Around 18 months, the child learns the concept of self and visualizes its role in the society through it maleness or femaleness. Irrespective of whether the parents believe in gender segregation or gender equality, they promote gender typing. The degree might be different, but it is present in all families. Sometimes parents are very cautious not to fall in to gender stereotypes, they might get an easy bake oven for their son or a construction set for their daughter. By telling that it is okay for a boy to play with girl toy, is a type of gender typing in a convoluted way! Research indicates that fathers are more likely to gender type than mothers! Can you believe it? Apparently fathers consciously or unconsciously interact with boys through rough play and are more sensitive to girls. An adult in this house, who shall not be named at this time, once commented that he will teach the girls sports like tennis, basket ball, cricket and bring them up as boys. Understand the subliminal gender typecasting folks?! Plight of boys is even worse. They are very strongly gender typed than girls. At least girls have a level of freedom in their choice of dresses, games and playmates. Imagine how much the parents will be freaking out, the father more than the mother according to researches, if the boy dresses in pink, plays with dolls and only with girls and likes wearing his mommies jewellery?!
As the child grows, gender gets more and more defined by interacting with peers and other adults. This basically seals the issue once and for all. At this point of time even if there is a little bit of femaleness in a boy (the other way around is accepted, it considered tomboy-ish-ness) he gives it up or masks it. A child is quick to take up gender labels for the sake of peer acceptance.
Phew, now what does this means for us parents? Even if you believe that men and women are equal, your child will definitely learn about gender inequality, may be a little later, but it is something we cannot avoid.

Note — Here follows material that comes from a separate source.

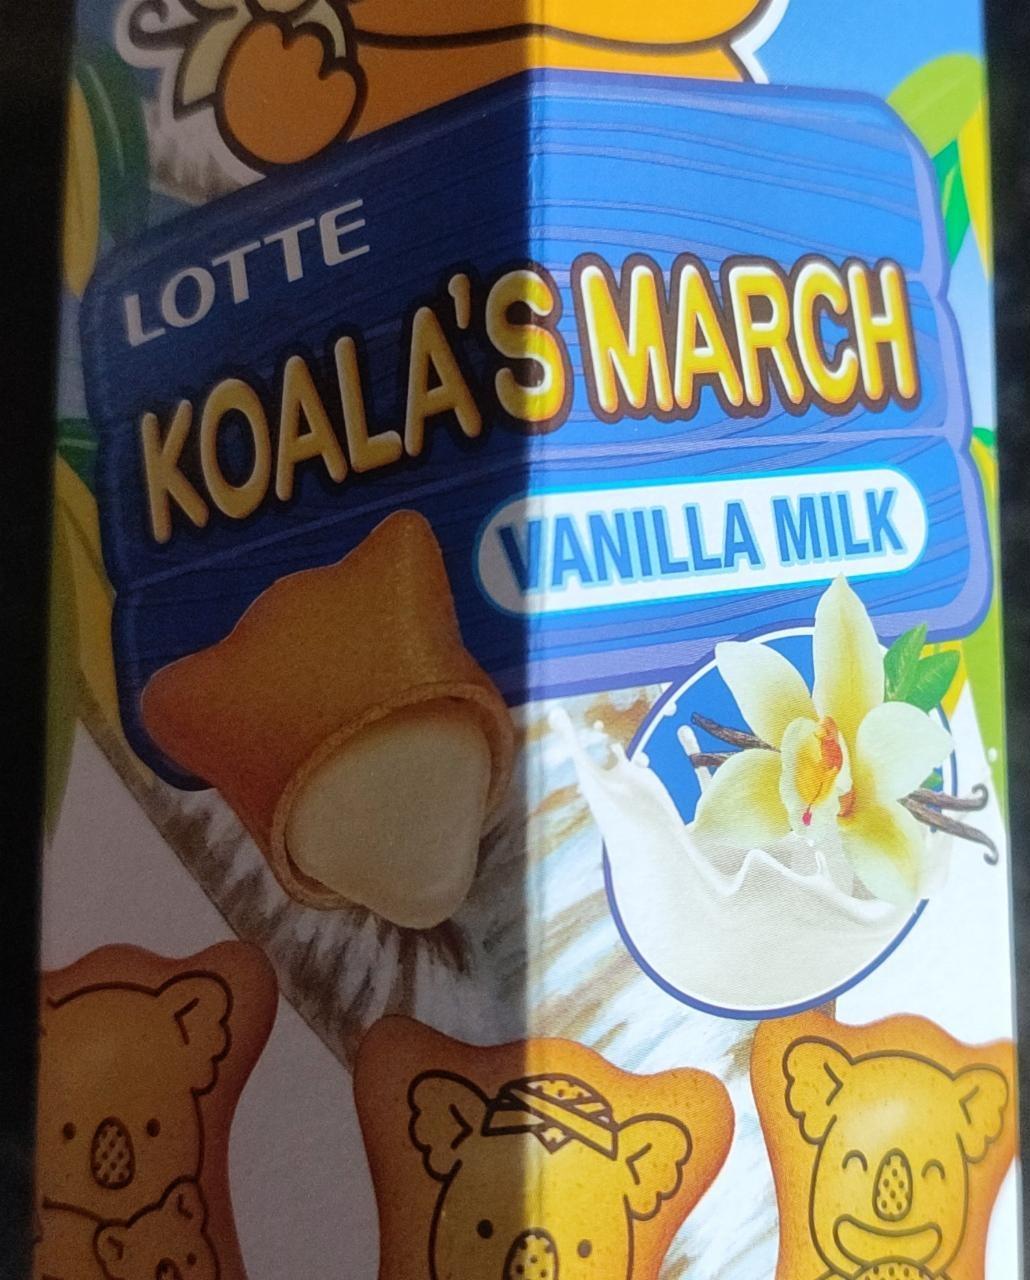 Fotografie - Koala's March vanilla milk Lotte

If you want to raise a rough and tough girl or a sensitive boy, don’t push it on the child. Be sensitive to what the child wants. Once in a while it is okay if your boy plays with dolls. It does not mean anything. And if your girl is too girl-ish, just go along with it.
If your three year old boy makes a sexist comment, don’t freak out. It does not mean that you are a bad parent. Children learn from lots of places beside home – TV, school, friends, other adults. Correct him and be a role model. The child is merely going through a phase. He will eventually learn.
13 Responses for "Are men really from mars and Women from Venus?"
Hey,
I am a regular to your blog and this post made me de-lurk 🙂 I have also felt the same way but I was in co-ed all through my school and college and had lot or only boy friends. Though I started noticing this gender differences only when Abi was born. When she was around 15 to 18 months, I found that given a ball and a kitchen set, she took to kitchen set as she could mimic me with that and she prefers to play with girls than boys as she got older. But as you said, Girls have more freedom and are not looked down if there is some boyishness but boys are teased if they have girlishness.
Oh sorry for taking up so space, I couldn’t resist 🙂
Kowsalya
This is a really nice post ! I’ve also always pondered on when the gender differences show up and if it is social conditioning that causes this difference.. Great insights – Thanks !
As far as I go, I don’t consciously try to treat poppin one way or the other. (Atleast I hope so). Her toys are not restricted to any one type and I certainly dress her both is pants and frocks.
But as you pointed out, it is far easier to do this with girls than with boys. I think boys are expected to be tough and aggresion is encouraged. Plus, it is odd to dress a boy in frocks LOL.
ha ha.. good one.
I was going to write about this after my India trip..but forgot.
ever notice how Diego is the most popular cartoon for kids in India ?
it is not Dora the Explorer!! Apparently in India boys control TV ratings more than girls and boys dont want Dora as the protagonist !! so they took Diego (Dora’s cousin) and made him the main character..
have been experimenting with the kids on this topic. our first one goes only after barbies. the second one is more open to cars, trains and trucks! but they both like pretty dresses, jewelry, dressing up, shoes, etc..
you said it right “if your girl is too girl-ish”!!
🙂
Very interesting UTBT. I didn’t know you were an educator. Lovely, to have a hand in shaping the young lives.
You made one important point…whichis its ok for a girl be to a tomboy, but there’s no such thing as a tomgirl, for a boy. I have faced gender typing issues with Akhil already…where once he wanted to wear my makeup and I told him that’s only for girls…it was very interesting to note all ur observations on boys…the ramming things head on, need for repititiveness, outdoors, rough play etc. I see that sooo much in Akhil.
And beleiev it or not (by now I know you will)..I was thinking of doing a post on some of the things Akhil does to amuse himself, how he keeps himself occupied, and this post wud have had a bent on the typical-ness of boys. 🙂
Welcome kowsalya. I was going through your Ninaivalai-gal(cool name). After reading you post about co-sleeping, the wheels in my mind are rolling. Will do a post about it soon.
Poppin’s mom – hope Poppin is doing okay without her grandma. Well… it is one of the things the boys have got it tough. Even the most liberal parents are not too kicked to se their son ‘dressed up’ 🙂
Sundar, there is a possibility that the second one might soon follow her big sister’s steps. Younger children are know to take the older sibling as their primary role model!
Tharini, I am not surprised. Nothing surprises me any more! I would love to see your post on this. Hope the bday preps are coming along fine.
In my (limited) experience, I thought girls get more gender conscious than boys. I was really surprised when my 4 and 1/2 yrs old girl commented to a 4 yr old boy not to play with dora toys as it was girls’ toys! The height is when she teams up with me and leaves out her Dad!
I have always tried not to brand anything ‘boyish/girlish’ but she learns it anyway from school from other girls!!
Fantastic! This post reminded me of a quote by Gloria Steinem:
“We’ve begun to raise daughters more like sons… but few have the courage to raise our sons more like our daughters.”